Personally, I have always preferred stock market investment to real estate investment for at least two reasons: 1- I have been involved in it since I was very young; it is therefore a market that I understand better than that of real estate; 2- I have never been very good with my hands! I don’t see myself fixing a leaking toilet or adjusting a door that doesn’t close properly. Maybe stock market investing lends itself better to my inherently lazy character!

As for long-term returns, I find it hard to believe the real estate market outperforms the stock market. I know for a fact that the stock market has delivered a compound annual return of almost 10% over the past 100 years without resorting to debt leverage. In my opinion, it is possible to obtain similar returns in real estate, especially if you know how to buy at the right times, but probably not without resorting to debt.

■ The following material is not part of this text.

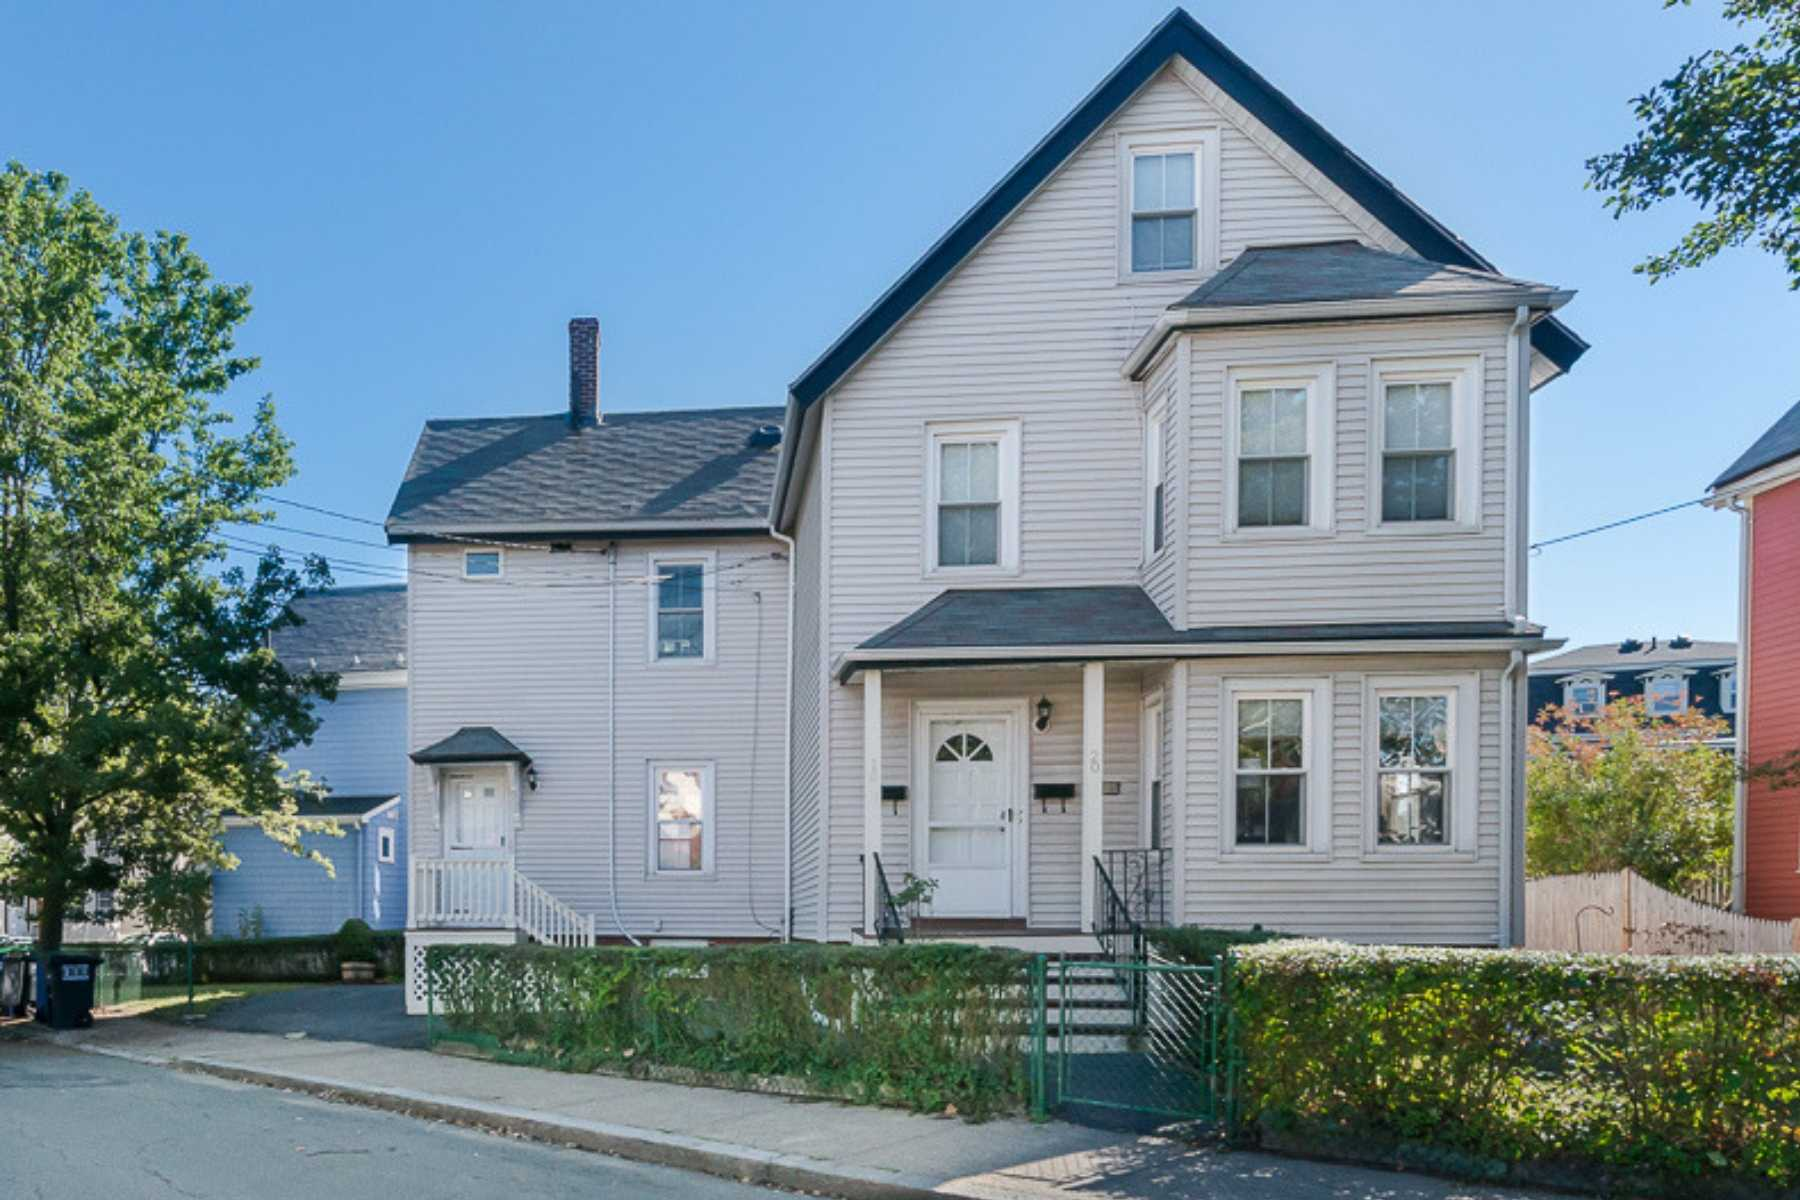 1-CapstoneCommunities-property-Dickinson-Street-Apartments-Somerville.jpg

As for the perception that real estate values cannot fall, I believe that this is both an illusion and a danger. As with stocks, real estate prices also undergo regular corrections. I am also convinced that the prices of most real estate properties have undergone a good correction in recent quarters while interest rates have increased considerably. An economic downturn will also have a negative impact on the value of most real estate values.

This perception that real estate prices cannot fall comes, in my opinion, from a reality specific to the real estate market that is very different from the stock market: we do not know the price of our properties in real time, every minute or every day, as is the case of the stock market. The value of most homes has most likely been corrected in recent months, but that doesn’t stress many people since we don’t see it automatically. On the stock market, you see the value of your portfolio collapse in real time!

Although I prefer the stock market, both the real estate and stock markets are attractive to the long-term investor. In my opinion, the main advantage of real estate is that most investors approach it with a long-term horizon, which is certainly not the case for all stock market investors. This advantage probably stems from the fact that real estate prices cannot be followed in real time and that it is much harder to buy and sell real estate than a stock market share.

If we succeed in transposing this ability to think in the long term to the stock market, despite all its incentives to make us short-term investors, it becomes, in my opinion, even more profitable than real estate.